* _Given information_:
▼▼▼
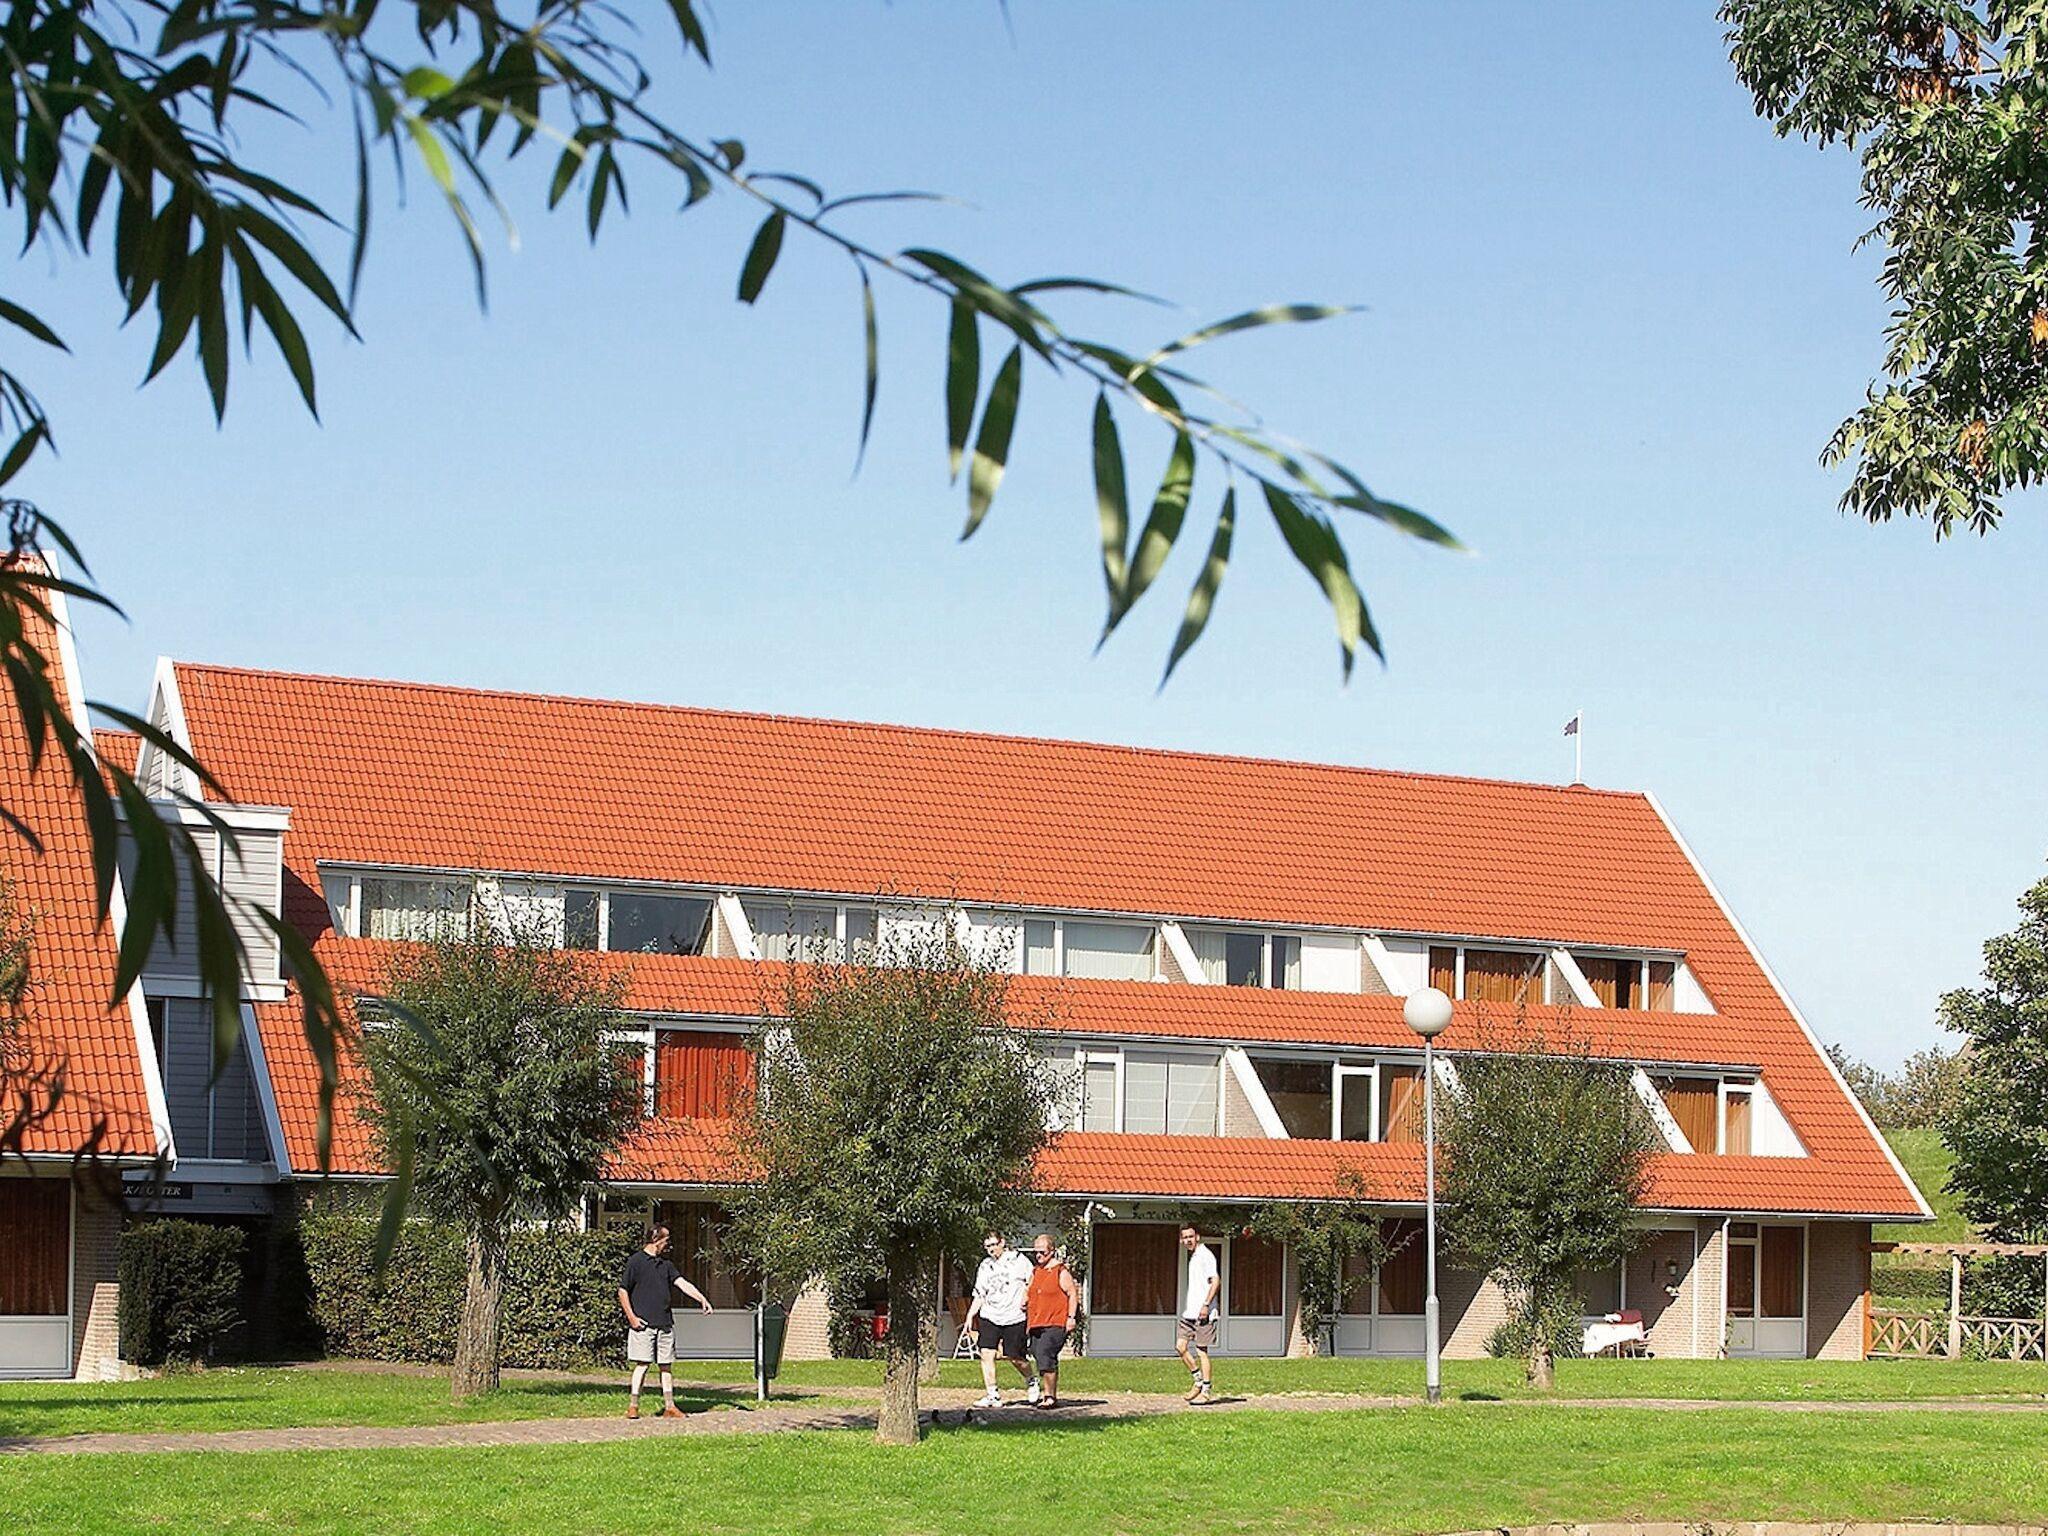 Gerestyld appartement voor twee personen nabij het Grevelingenmeer op vakantiepark Aquadelta
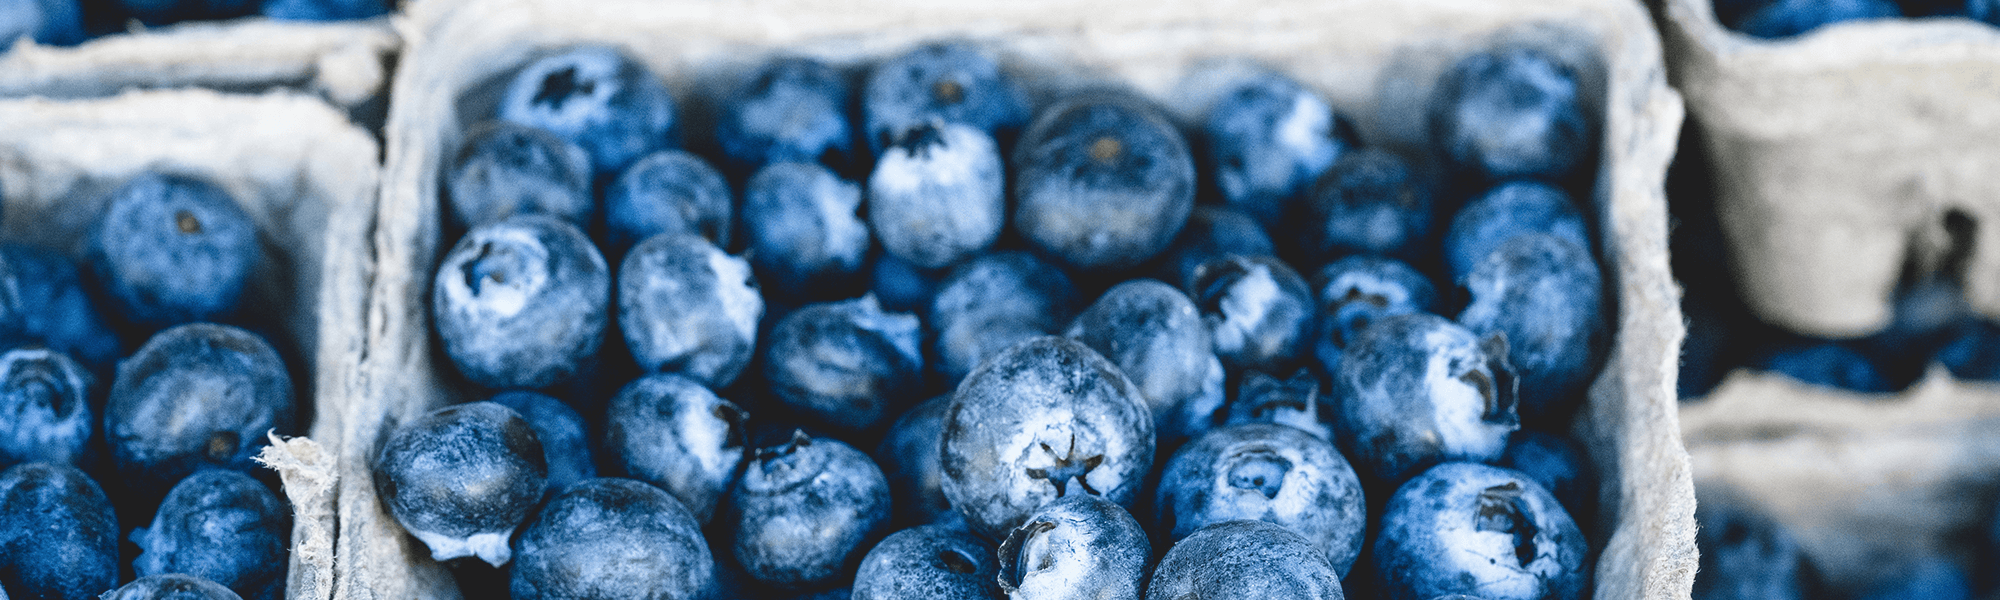 Blueberries in punnet
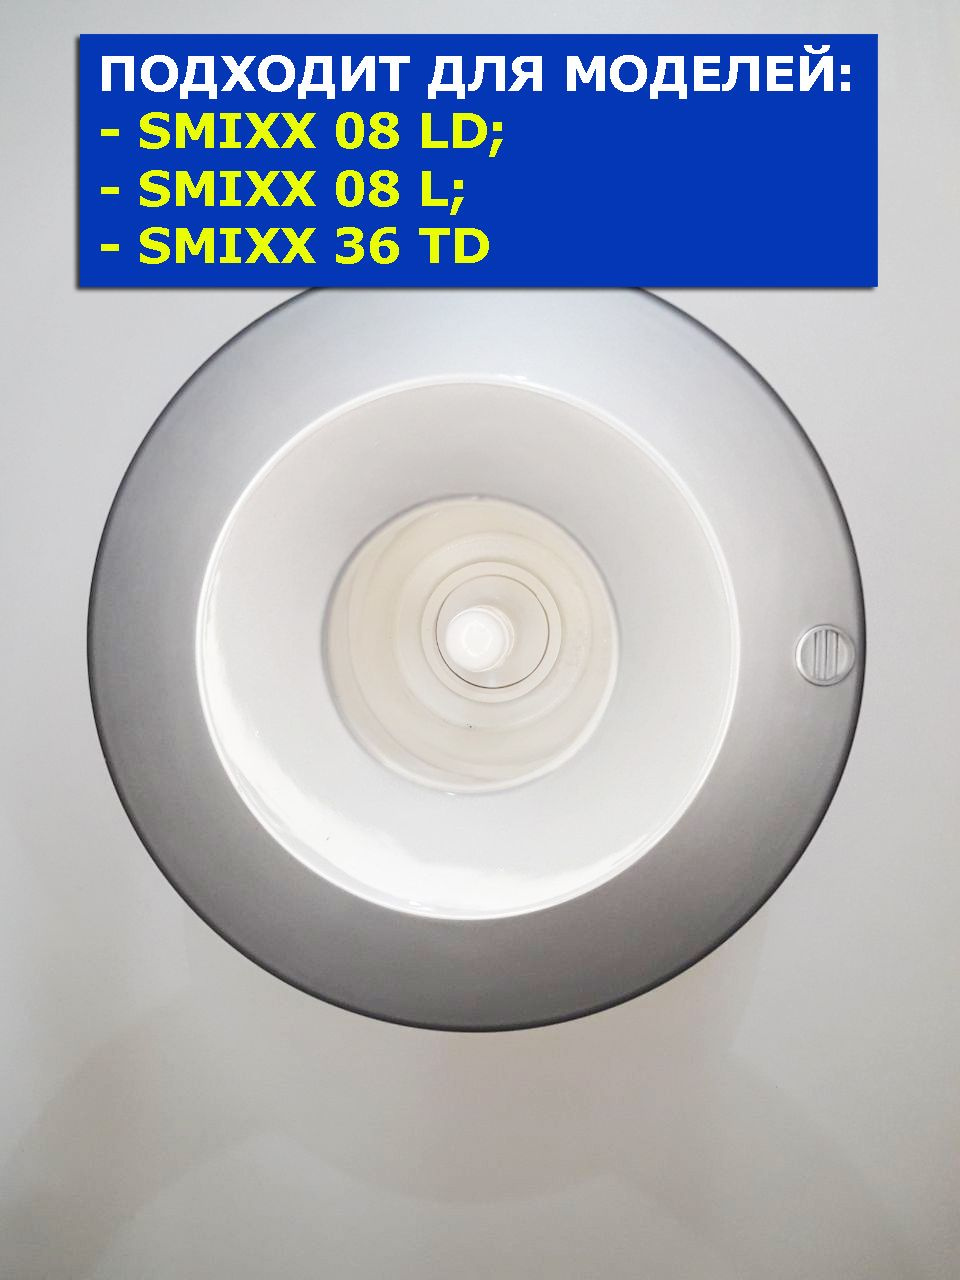 Бутылеприемник кулера для воды SMixx 26TD серебристый
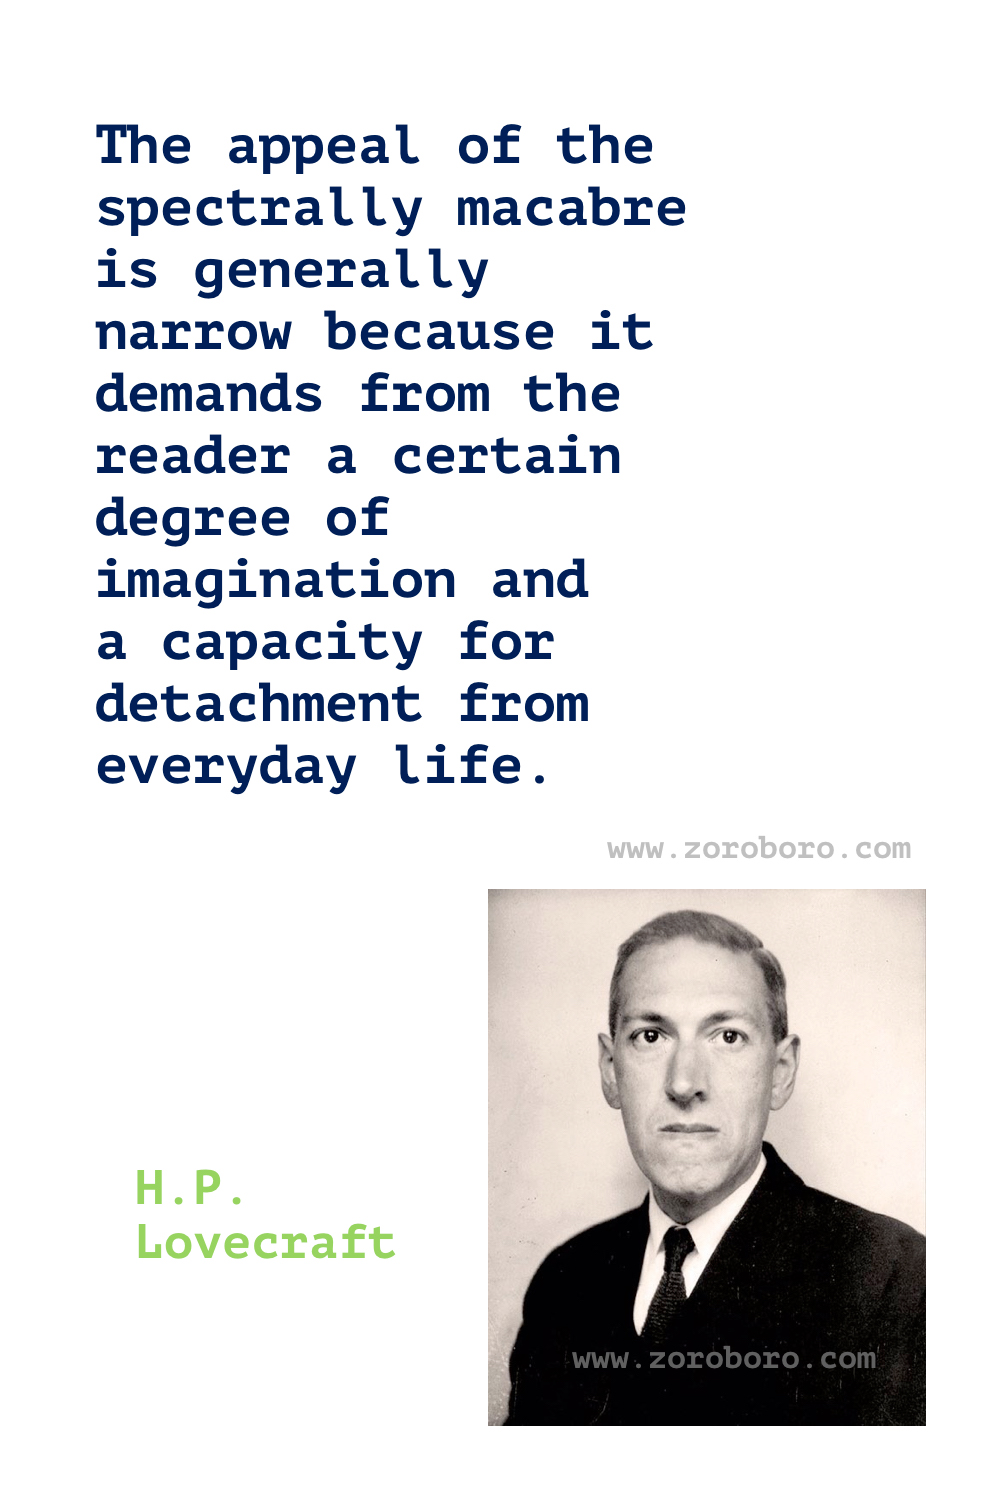 H. P. Lovecraft Quotes, H. P. Lovecraft Books Quotes, H. P. Lovecraft The Call of Cthulhu Quotes, H. P. Lovecraft Cat, Life & Madness Quotes, H. P. Lovecraft Quotes.
▲▲▲
Your task is to copy exactly the lines from the line containing "Blueberries in punnet" through the final line of the listing above and to omit every picture.

 Blueberries in punnet
 Бутылеприемник кулера для воды SMixx 26TD серебристый
 H. P. Lovecraft Quotes, H. P. Lovecraft Books Quotes, H. P. Lovecraft The Call of Cthulhu Quotes, H. P. Lovecraft Cat, Life & Madness Quotes, H. P. Lovecraft Quotes.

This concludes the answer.